GREAT TEACHERS LECTURE SERIES:
The Politics Surrounding the AIDS Epidemic Outlined by One of the World's Foremost AIDS Authorities


September 30, 1996


Media Contacts: Sarah Goodwin, 404/727-3366 - sgoodwi@emory.edu
Kathi Ovnic, 404/727-9371 - covnic@emory.edu





Who better to distinguish the faces of AIDS in the public health sector from the faces of the epidemic in the political arena than the person who until recently held one of the U.S. government's highest positions specifically devoted to AIDS?

James W. Curran, M.D., now dean of the Rollins School of Public Health of Emory University will discuss AIDS: Paradigm for Public Health or Political Exception? Tuesday, Nov. 12 p.m. at Emory University's Cannon Chapel, 515 Kilgo Circle, Atlanta. The free lecture is part of the Emory University Great Teachers Lecture Series open to the public and will begin at 7 p.m., one half hour earlier than other lectures in the series. Call 404/727-6216.

"What is particularly harmful to public health is when the strictly partisan aspects of politics invade public health issues," Dr. Curran says.

"Public health practitioners and leaders should be looking at the most important threats to health in a society and what might be done to avert those threats. And we should do that in a politically blind fashion.... It is naive, however, to think that you can stay away from politics in public health."

Dr. Curran has been involved with the epidemic since long before AIDS became political, even before the strange condition first noticed as affecting young gay men had a name. While chief of the research branch of sexually transmitted diseases at the Centers for Disease Control and Prevention (CDC), he was asked to review in 1981 information about five men with a rare type of pneumonia associated with immune deficiency. They were the first known AIDS cases. And he still remembers meeting a young actor suffering from an unusual form of cancer -- and in whom the association between Kaposi's sarcoma and AIDS was first made.

From 1981-82 Dr. Curran coordinated the Task Force on Kaposi's Sarcoma and Acquired Immune Deficiency. His rise through the CDC ranks reflected the growing impact of AIDS and his growing expertise in how to track the disease and attempt to staunch its spread.
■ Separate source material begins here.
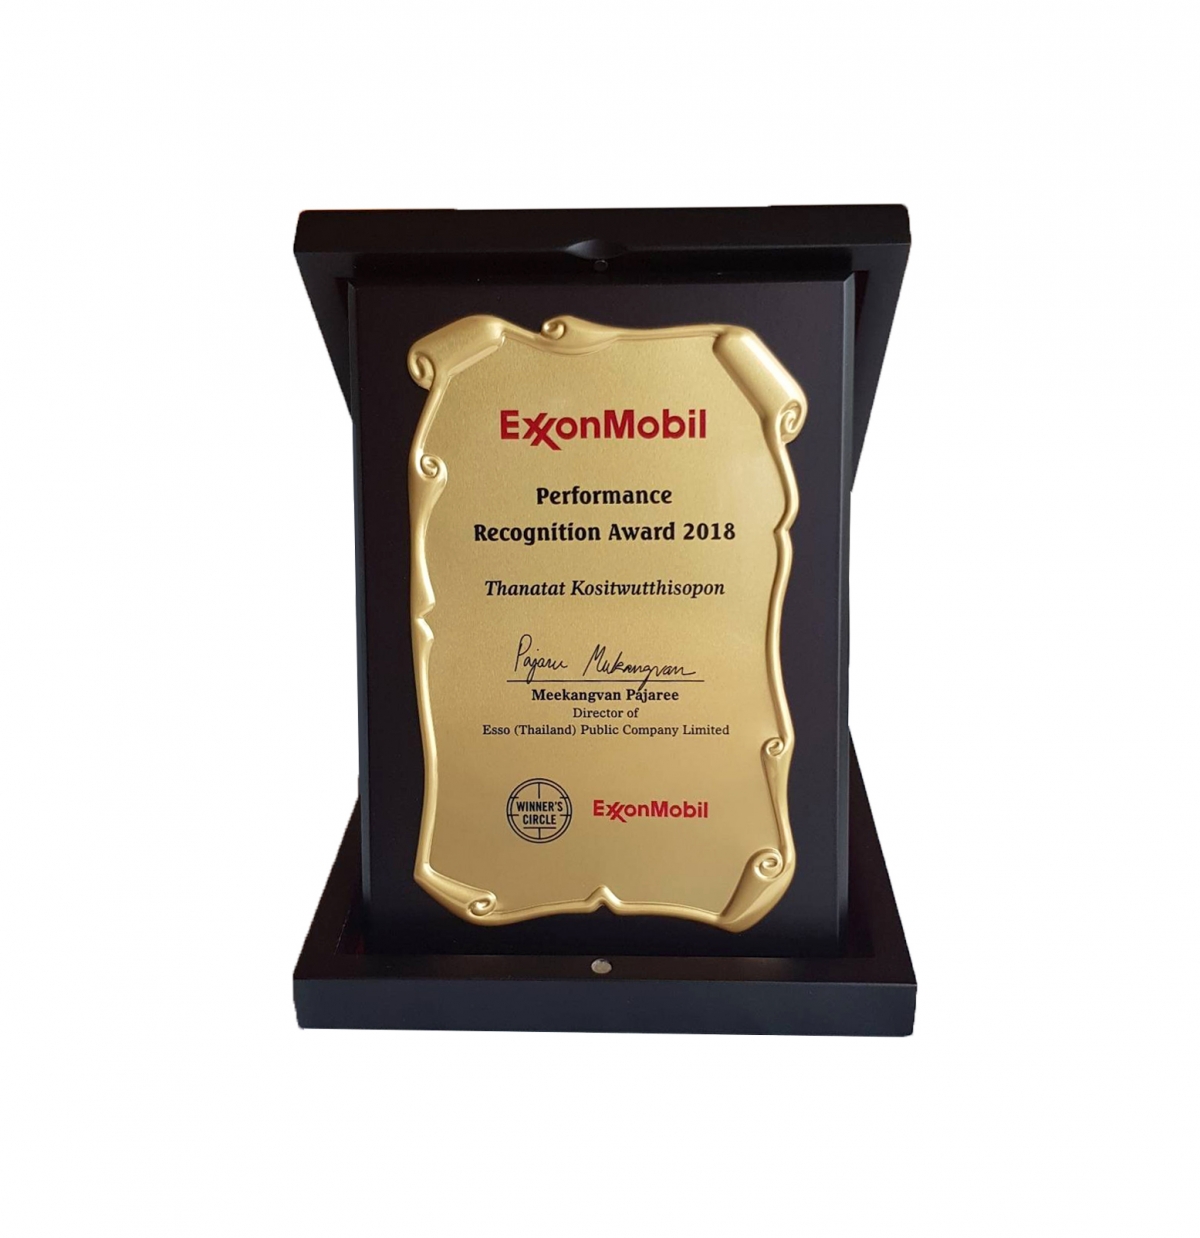 ExxonMobil Performance Recognition Award 2018

He became chief of the AIDS Branch in 1984, director of the AIDS Program in 1985, director of the Division of HIV/AIDS in 1989 and assistant surgeon general of the United States in 1991.

Raised in Detroit, Mich., Dr. Curran received a bachelor's from the University of Notre Dame, a medical degree from the University of Michigan and a master's of public health from Harvard University School of Public Health while completing a general preventive medicine residency and fellowship at the Harvard Center for Community Health and Medical Care.

Dr. Curran continues as advisor to the Combined United Nations Programme on AIDS, member of the board of the National AIDS Fund and advisor to the National Institutes of Health on HIV. Locally he serves on the board of Jerusalem House. He has published more than 220 scholarly papers.

"Your leadership in the area of HIV and AIDS prevention strengthened our global response to this epidemic and served as a calm voice of scientific reason during some difficult times," said President Bill Clinton in a 1995 letter to Dr. Curran acknowledging his move to Emory.